Assignment –
Reproduce only what runs from the line containing "Парфюмерная вода 100" to the line containing "Kawaii Fantasy Unicorn" in the records below, inclusive. Keep it exact, and keep the pictures out.

Supplied material –
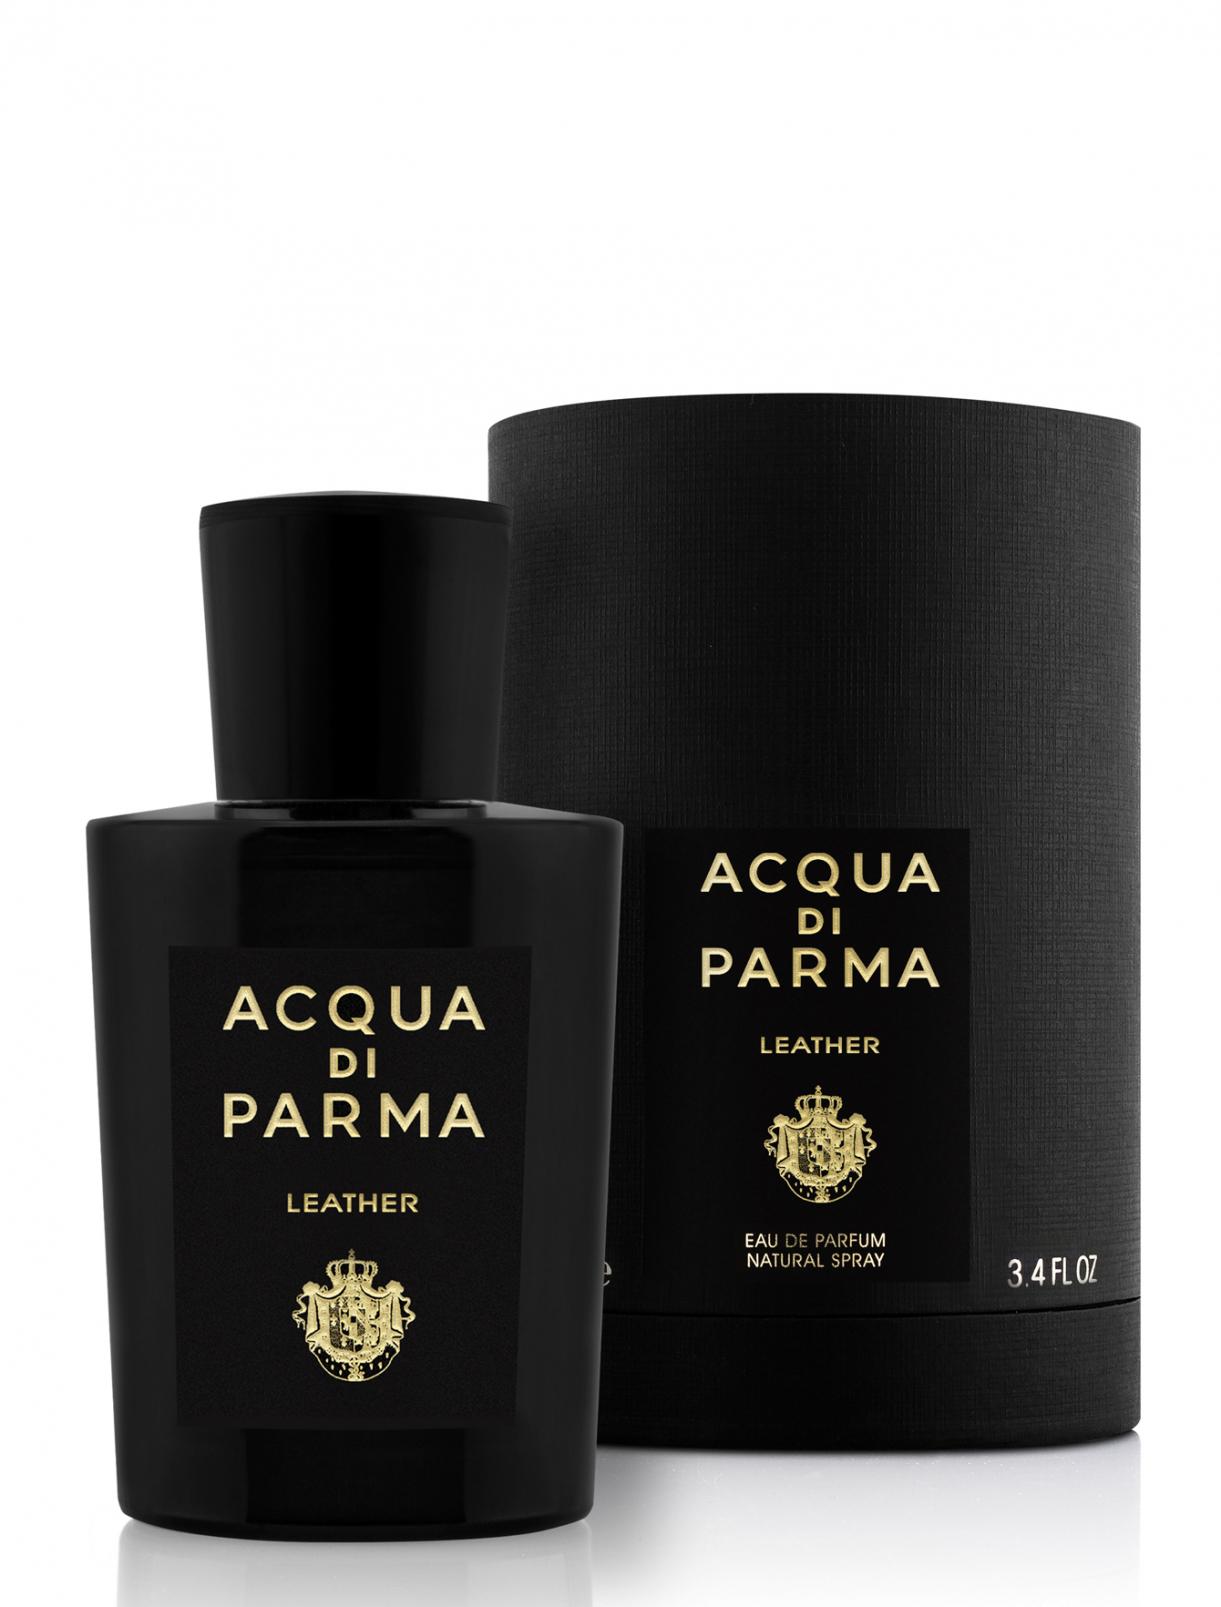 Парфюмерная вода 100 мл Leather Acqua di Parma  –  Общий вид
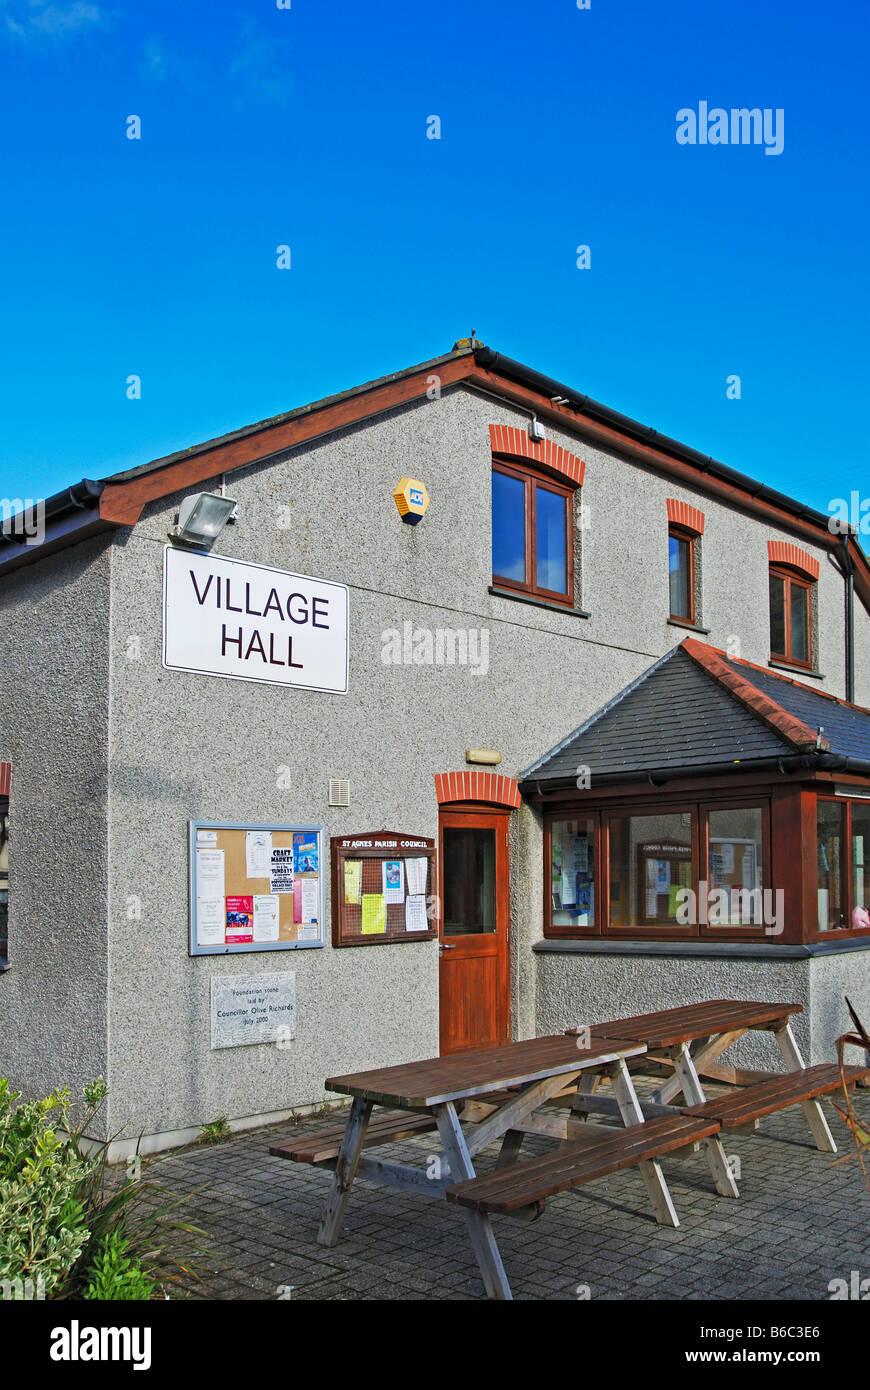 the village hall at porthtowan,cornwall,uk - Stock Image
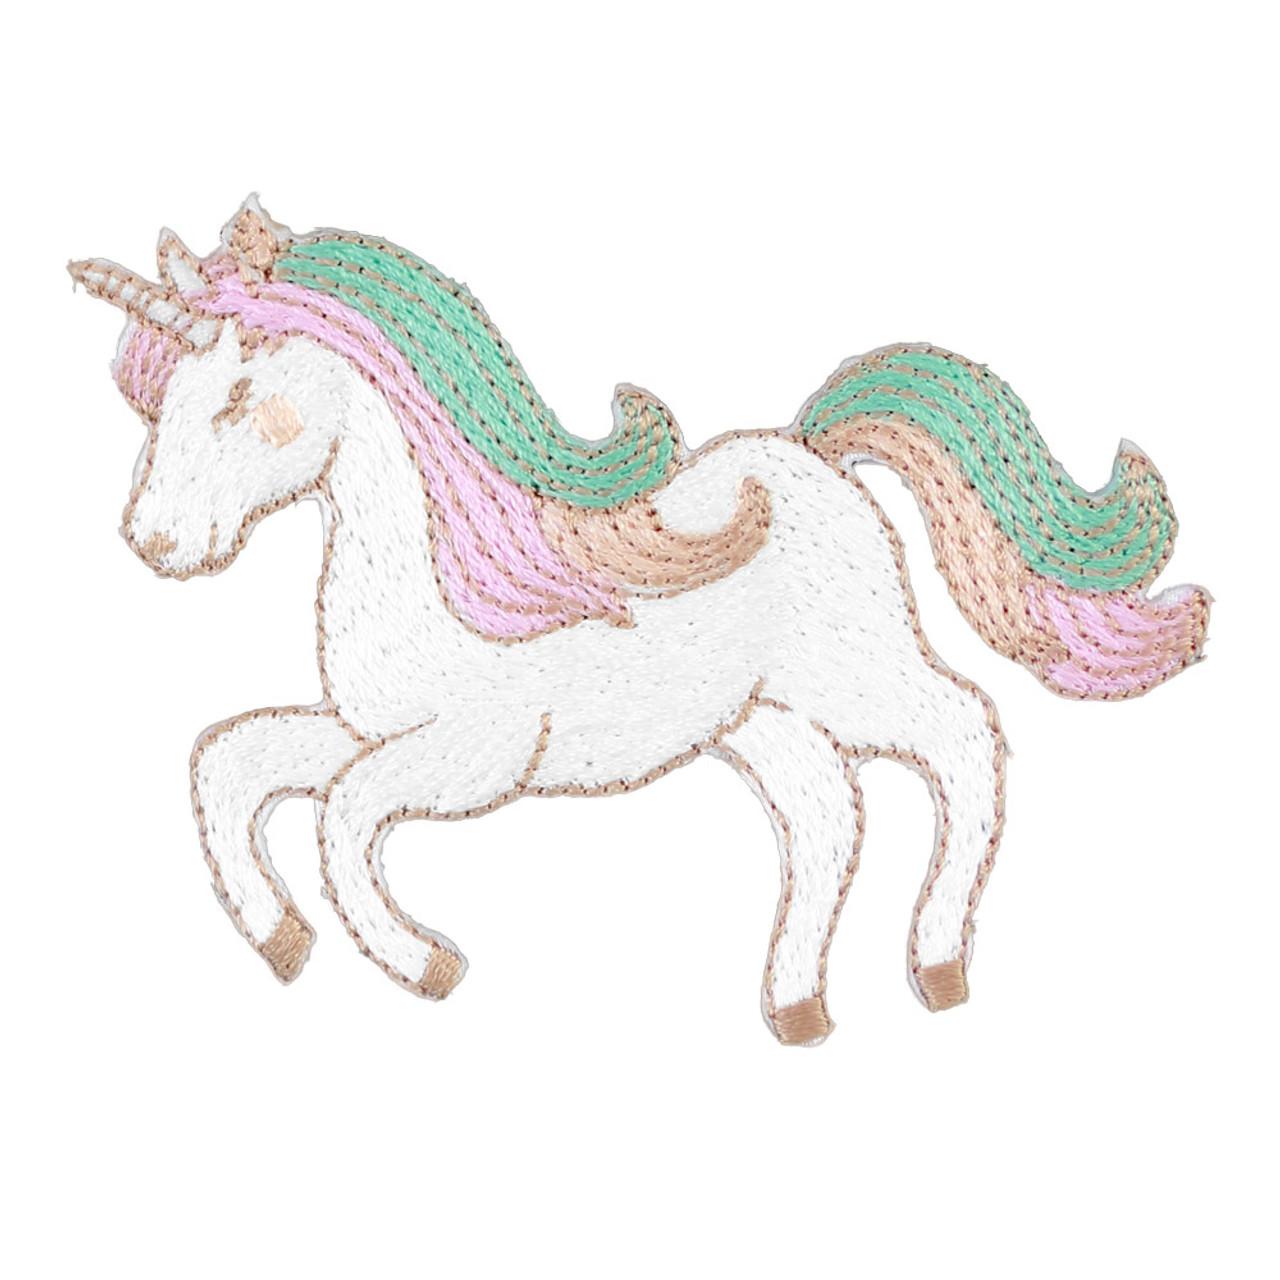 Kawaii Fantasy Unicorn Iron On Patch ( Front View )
---
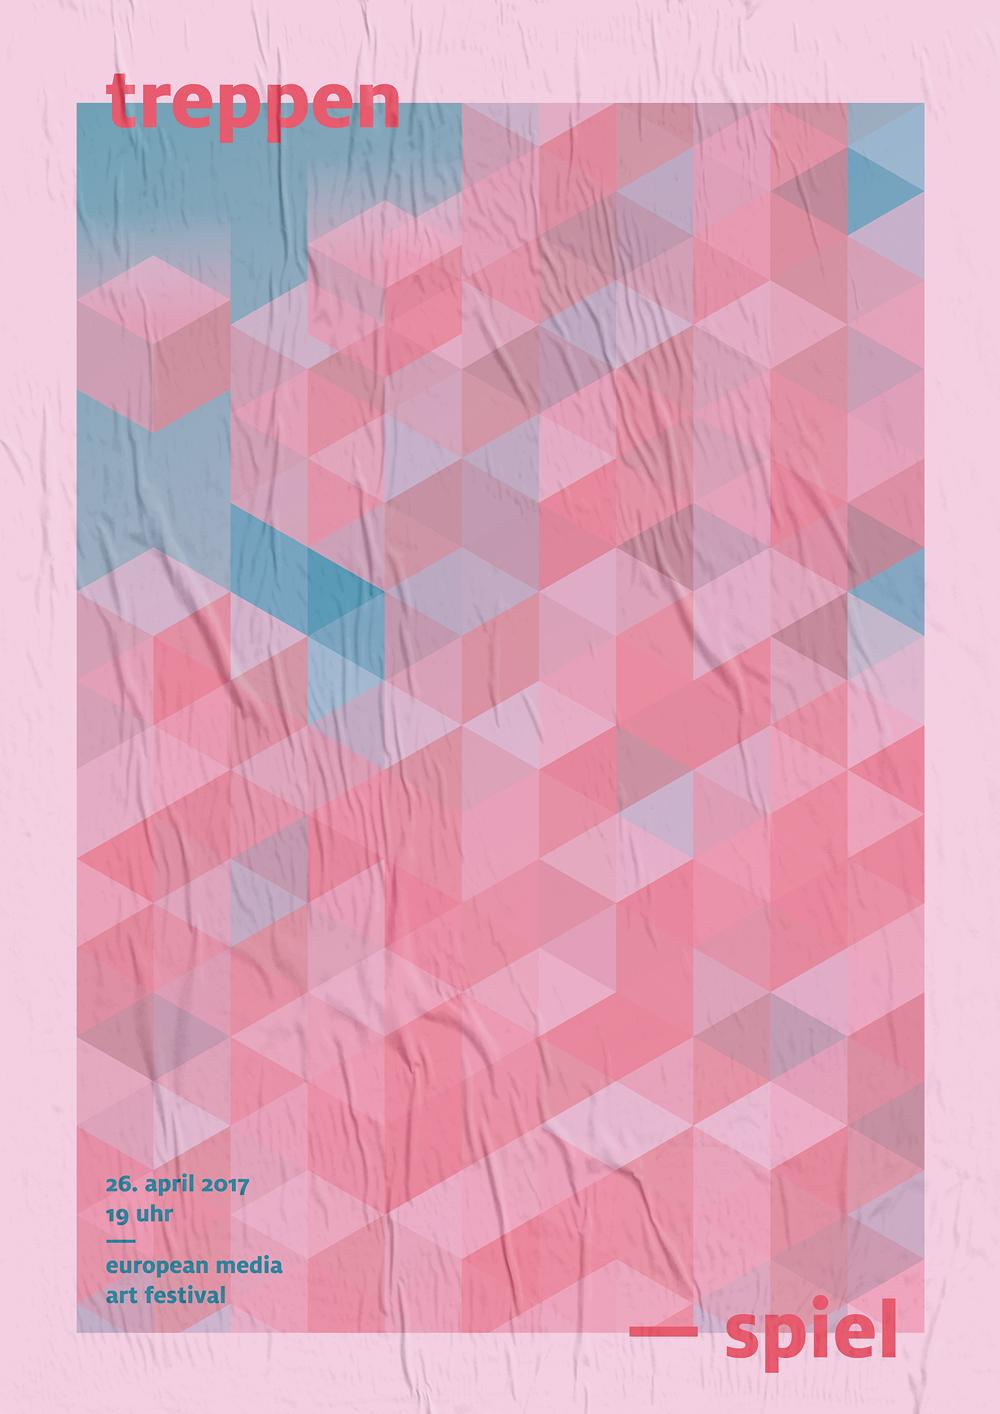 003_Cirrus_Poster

Written response –
 Парфюмерная вода 100 мл Leather Acqua di Parma  –  Общий вид
 the village hall at porthtowan,cornwall,uk - Stock Image
 Kawaii Fantasy Unicorn Iron On Patch ( Front View )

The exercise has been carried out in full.